2025 Update: One Free Night Used… and One Still Sitting There
This year has been a perfect example of why I’m torn.
My wife used her free night for a stay in Syracuse on one of her “25 for 25” trips. An airport hotel would have cost around $150 for the night, so using a free night that effectively cost us $49 was well worth it.
But now we’re getting close to renewal time, and my free night is still sitting there unused.
The frustrating part is that I can usually find one decent use per year without too much trouble… but finding two (one for each of our cards) feels like work. The 40,000-point limit rules out a lot of the hotels we’d want to book, especially in popular cities or on weekends. And since you can’t add points to make the certificate work (like you can with the Premier card’s free night), you’re stuck hunting for the right property on the right night.
How I’m Trying to Make the 40K Free Night Easier to Use
At this point, I’ve stopped thinking of the Select certificate as something we’ll use for a “main event” hotel. It’s better as a positioning night—the kind of stay you’d normally pay cash for and not feel great about it.
A few strategies that tend to help:
- Think airport hotels first. They’re often under 40K even when cash rates still sting. If you’re trying to use this in places like New York, Chicago, or Miami, good luck — those nights frequently price above 40,000 points.
- Search Sunday–Thursday before weekends. Point prices can jump fast on Fridays and Saturdays.
- Use it for a “boring” night. Early flights, late arrivals, after concerts, one-night road trip stops — perfect.
The “Killer Benefit” I’d Hate To Lose: 10% Rebate + 4th Night Free
Even if I end up not using my anniversary free night, the Select card still has a way of earning its keep.

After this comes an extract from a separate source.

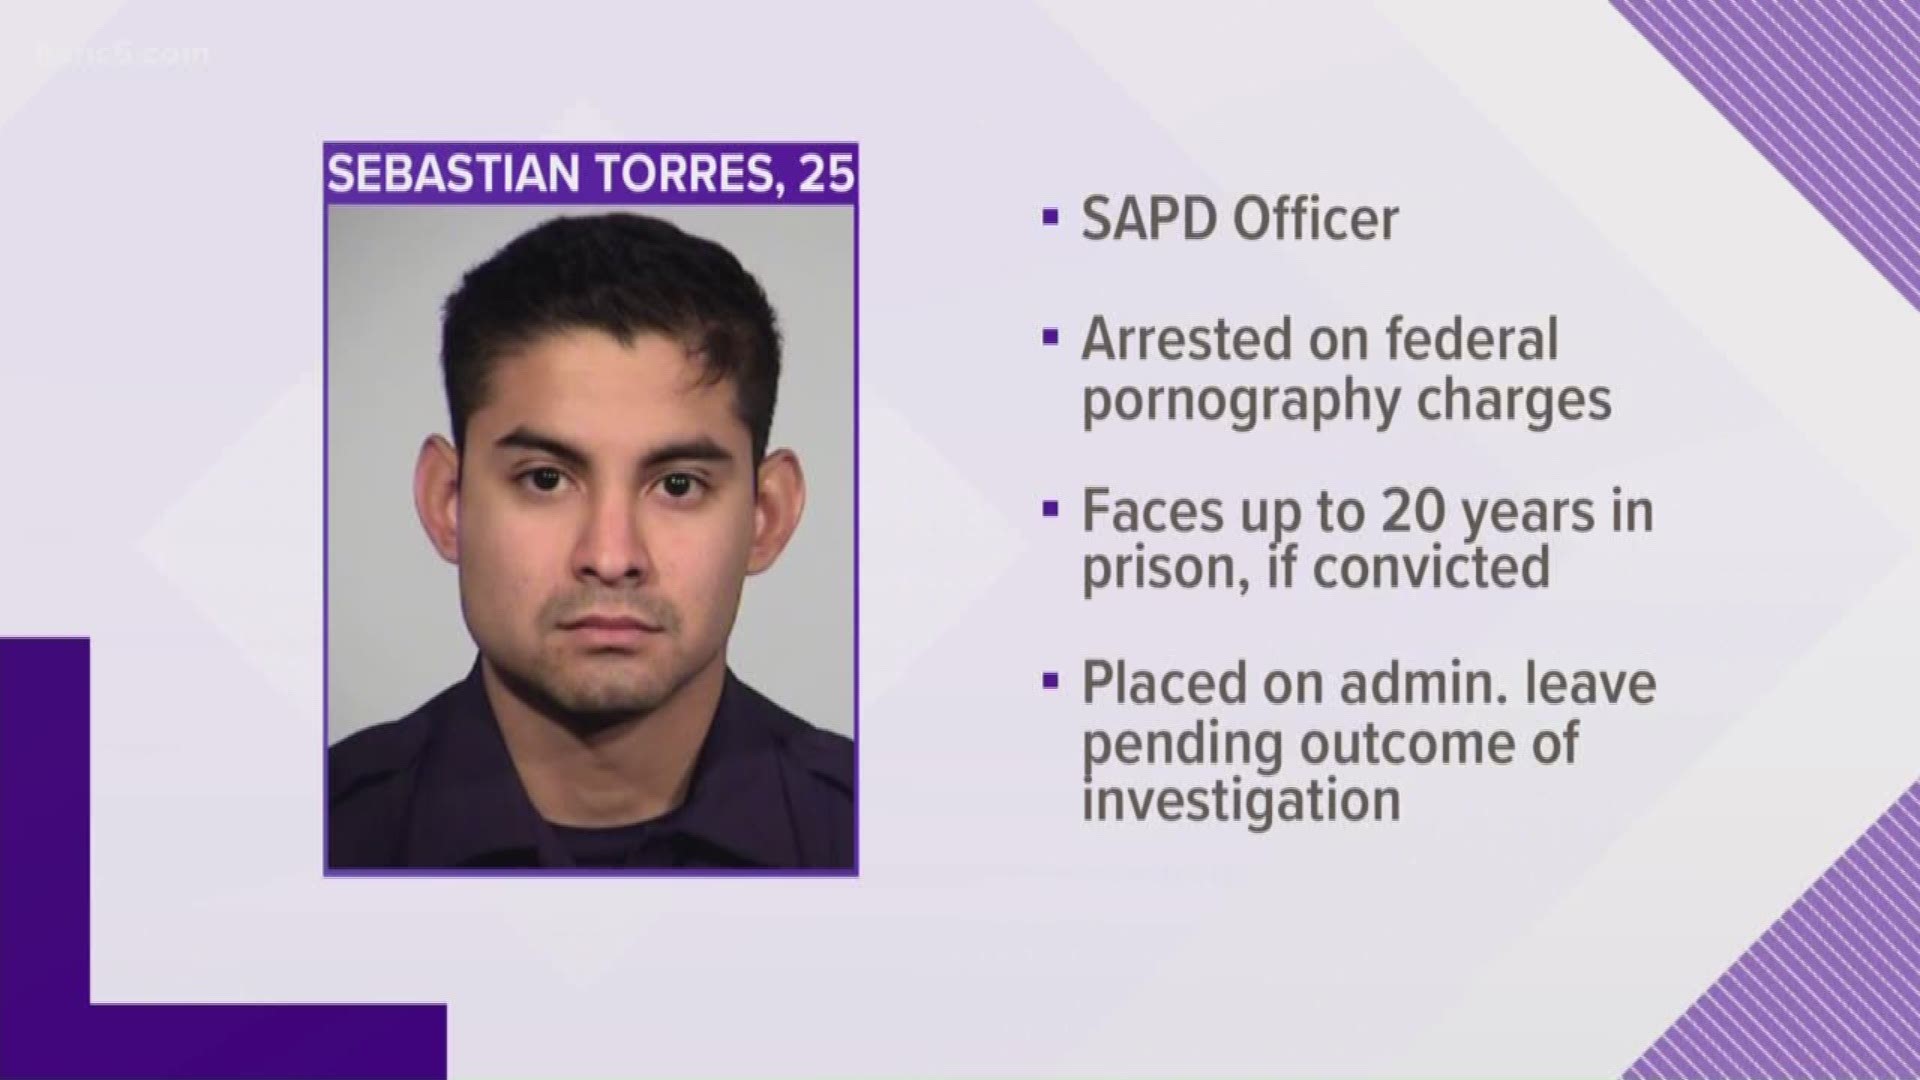 Authorities say the 25-year-old suspect is a two-year veteran of SAPD, and faces up to 20 years in prison if convicted.

This year, we booked a 4-night award stay at the Kimpton Hotel Theta in Manhattan in April. Thanks to the 4th night free benefit from the IHG One Rewards Premier card, the fourth night costs 0 points.

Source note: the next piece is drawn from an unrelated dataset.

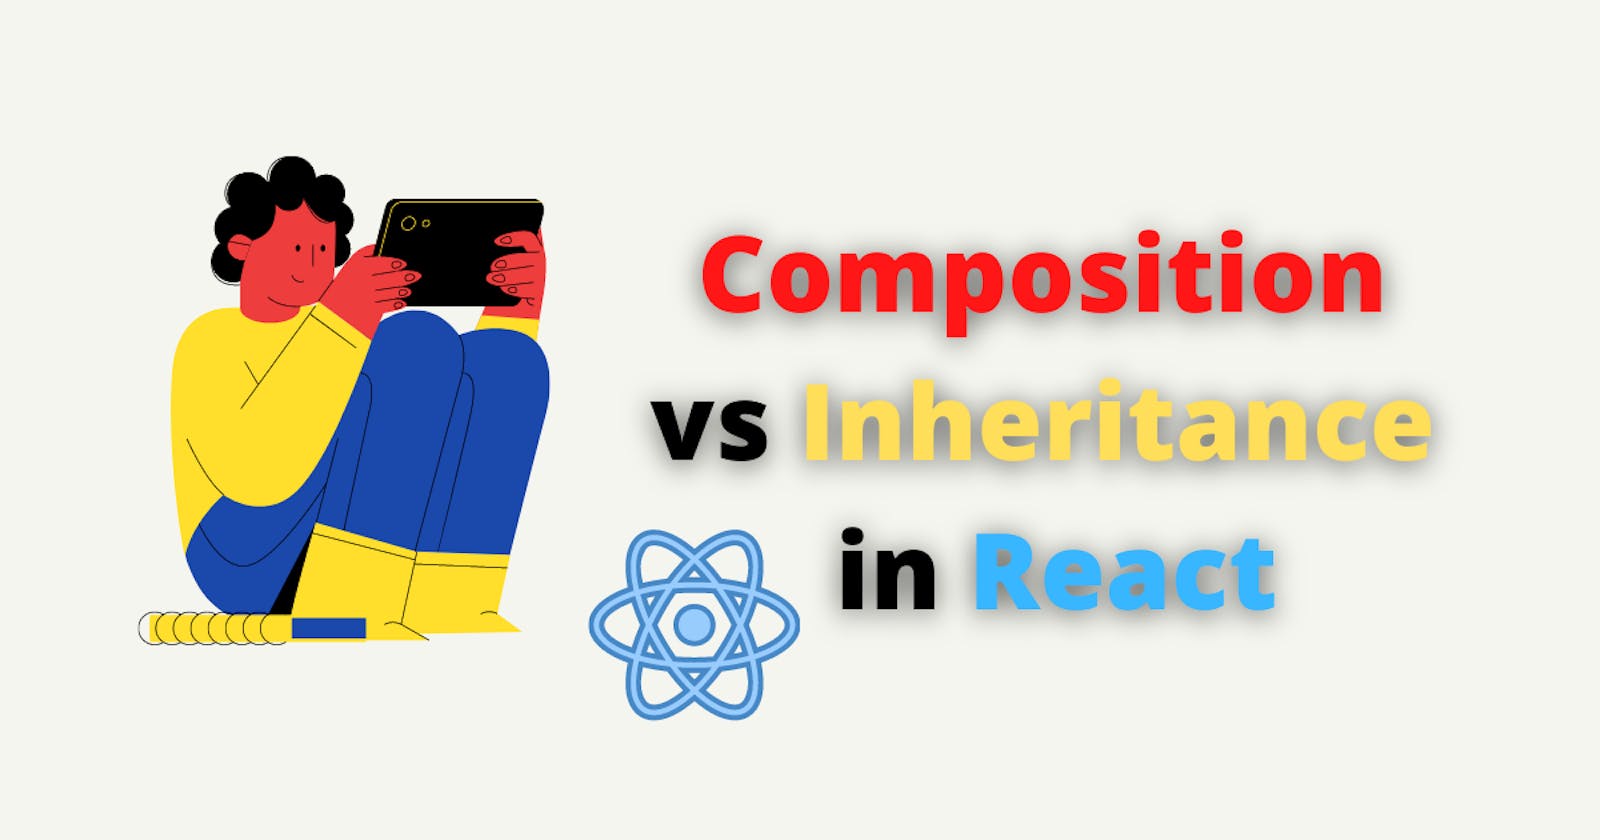 Composition vs Inheritance in React

Here’s how the points broke down:
- Night 1: 55,000 points
- Night 2: 66,000 points
- Night 3: 52,000 points
- Night 4: 0 points (4th night free)
Total out-of-pocket points: 173,000.
Then the Select card’s 10% points rebate kicked in. We received 17,300 points back, which effectively dropped the net cost of that stay to 155,700 points.
Even using a conservative value of 0.5 cents per point, that rebate is worth about $86 — far more than the card’s $49 annual fee.
Getting one night removed from the total and then receiving 10% of the remaining points back is a killer combo — and it’s exactly the kind of benefit I’d hate to lose by giving up the Select card.
Conclusion: Keeping It (Because I Could Never Get It Back)
So yes, the Select card is getting harder to use than it was a few years ago. The 40,000-point free night cap matters more now, and the fact that you can’t add points makes it less flexible than newer certificates.
But I still think it’s a good deal, and I’ll probably keep it for a simple reason:
If I cancel it, I could never get it back.
For now, it stays in my drawer — partly for the free night (even if it takes some hunting), and partly because that 10% rebate is still a surprisingly powerful perk… especially when it stacks with 4th night free.